MATERIAL TO PROCESS

- Opening Delimiter -

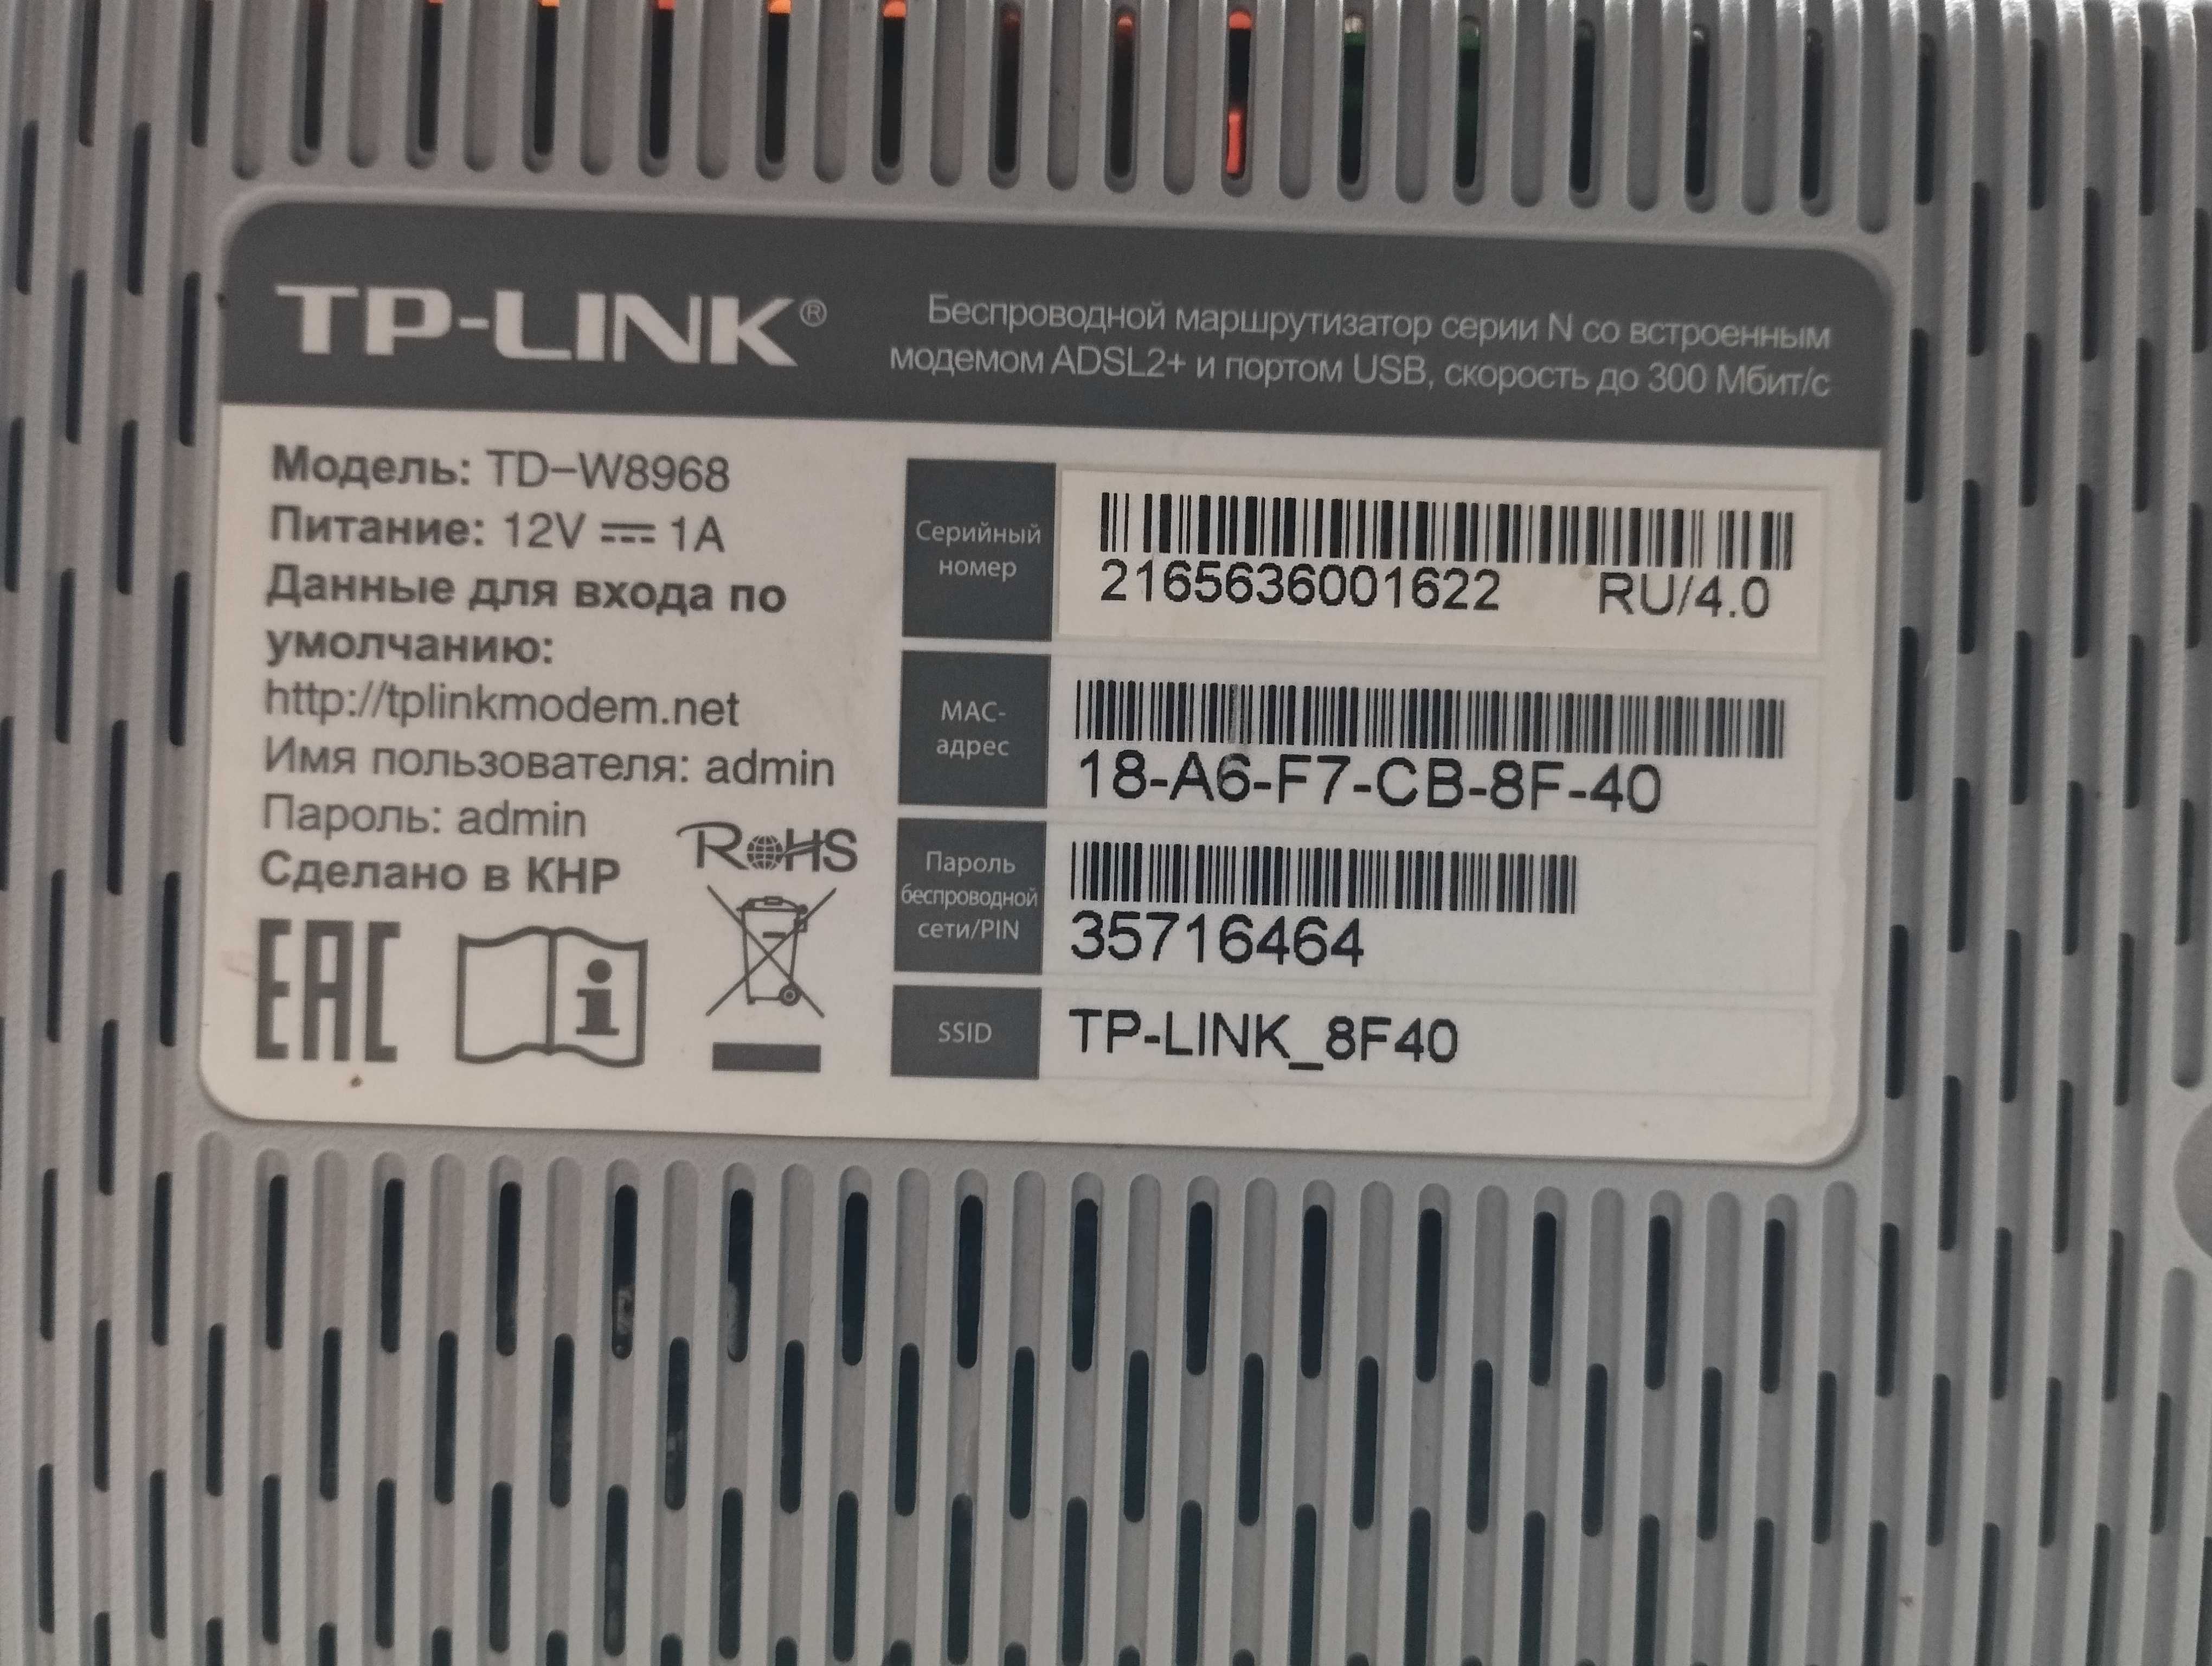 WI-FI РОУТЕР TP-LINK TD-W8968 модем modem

- Closing Delimiter -
- Opening Delimiter -

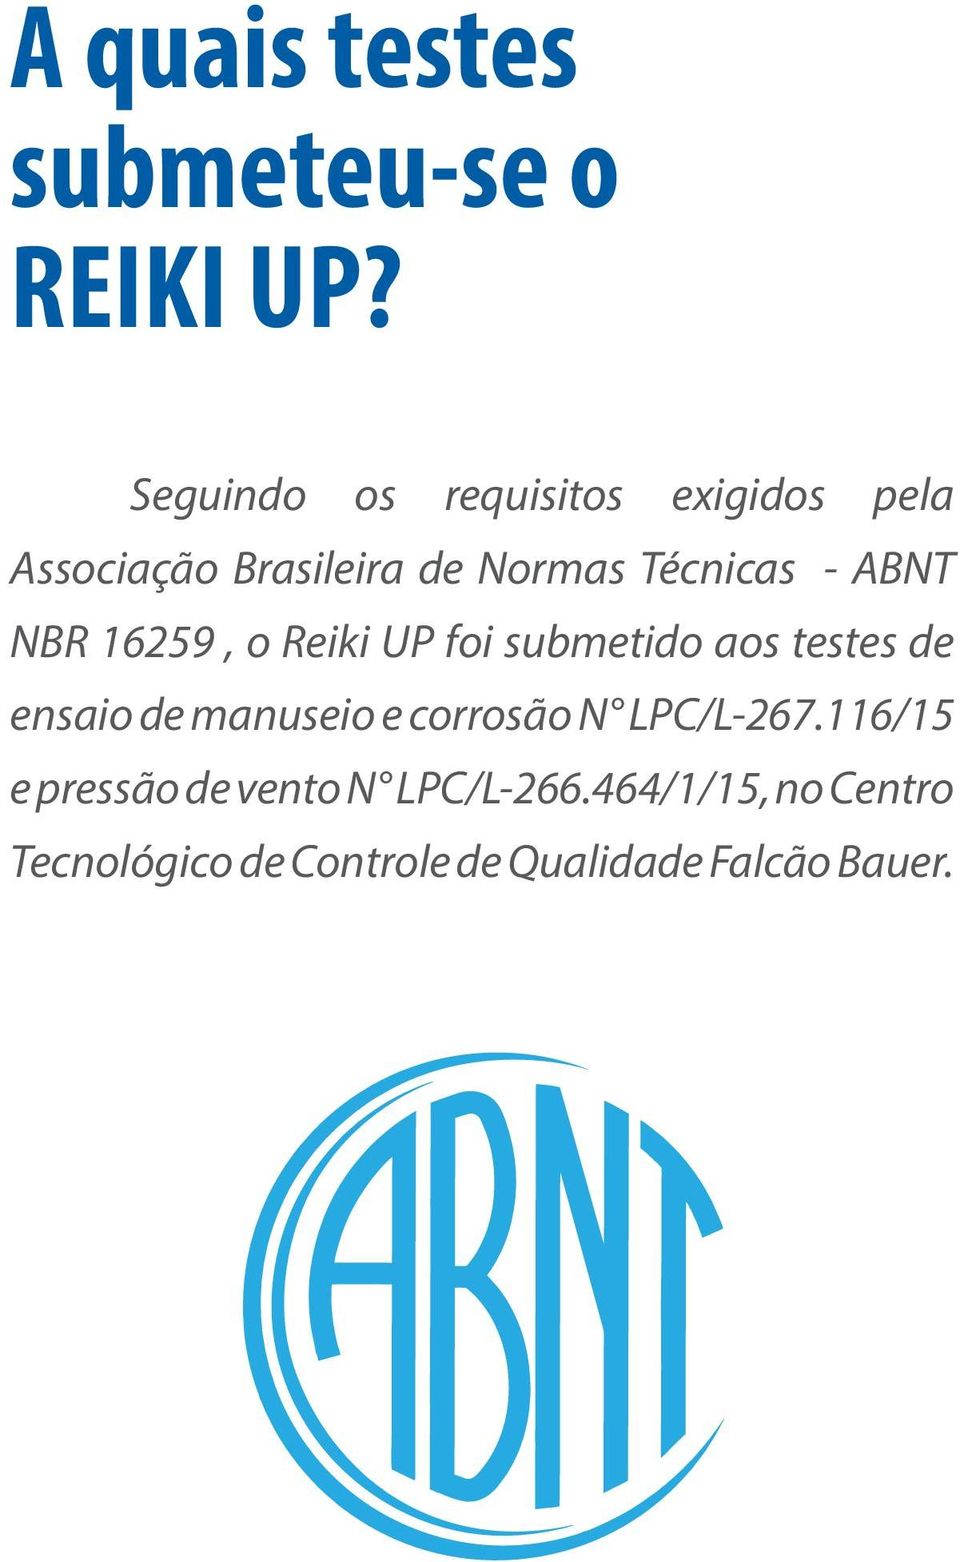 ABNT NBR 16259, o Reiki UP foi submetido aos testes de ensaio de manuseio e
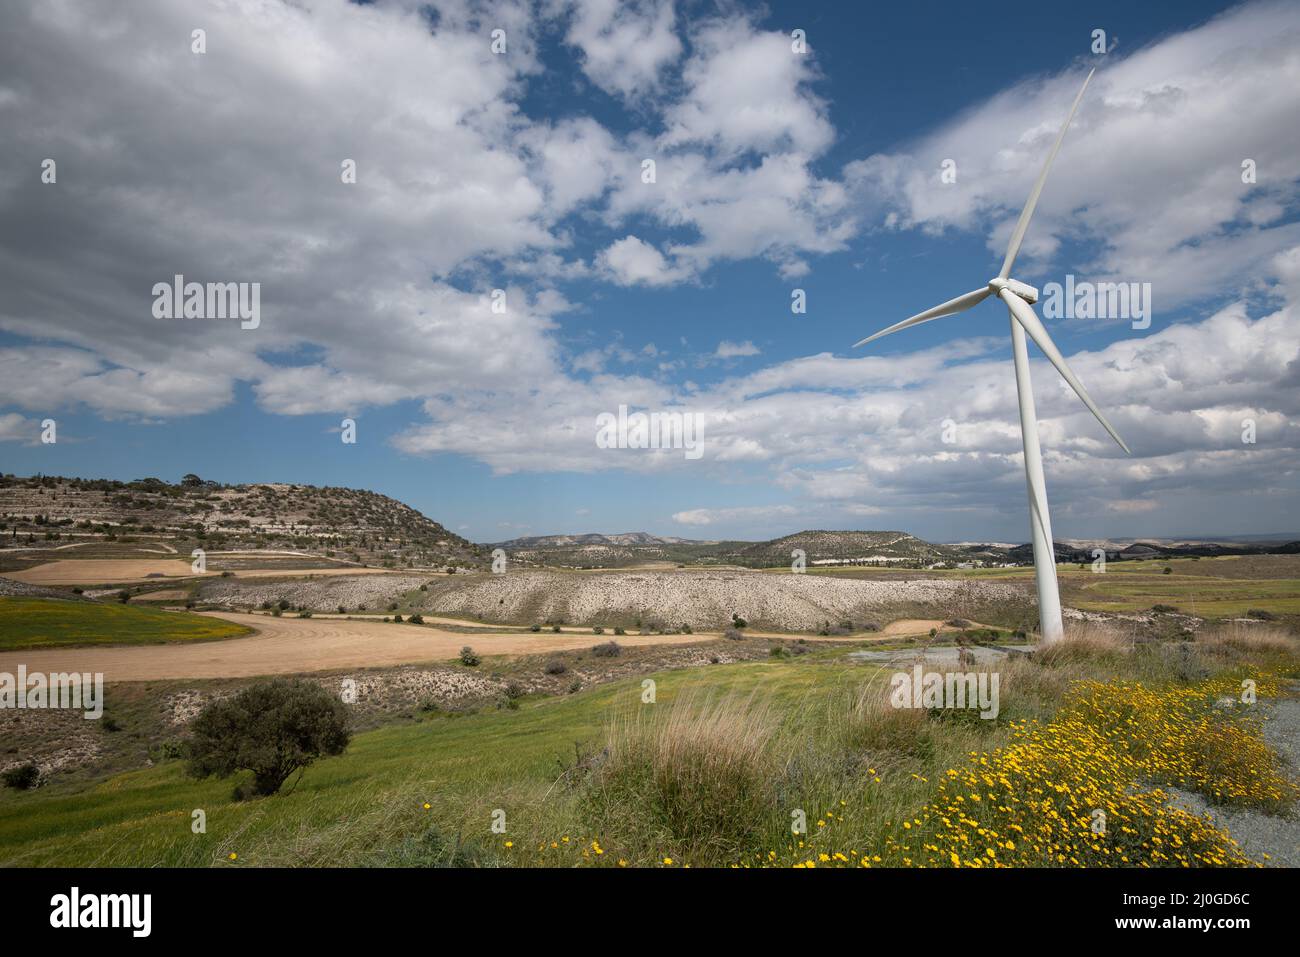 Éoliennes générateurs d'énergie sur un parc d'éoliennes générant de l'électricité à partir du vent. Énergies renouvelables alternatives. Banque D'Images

- Closing Delimiter -

YOUR INSTRUCTIONS
Pictures in the entries do not go into the copy. Print only the lines starting at the one containing "ABNT NBR 16259, o" and ending at the one containing "Éoliennes générateurs d'énergie", exactly as they appear.

OUTPUT FOR THIS TASK
 ABNT NBR 16259, o Reiki UP foi submetido aos testes de ensaio de manuseio e
 Éoliennes générateurs d'énergie sur un parc d'éoliennes générant de l'électricité à partir du vent. Énergies renouvelables alternatives. Banque D'Images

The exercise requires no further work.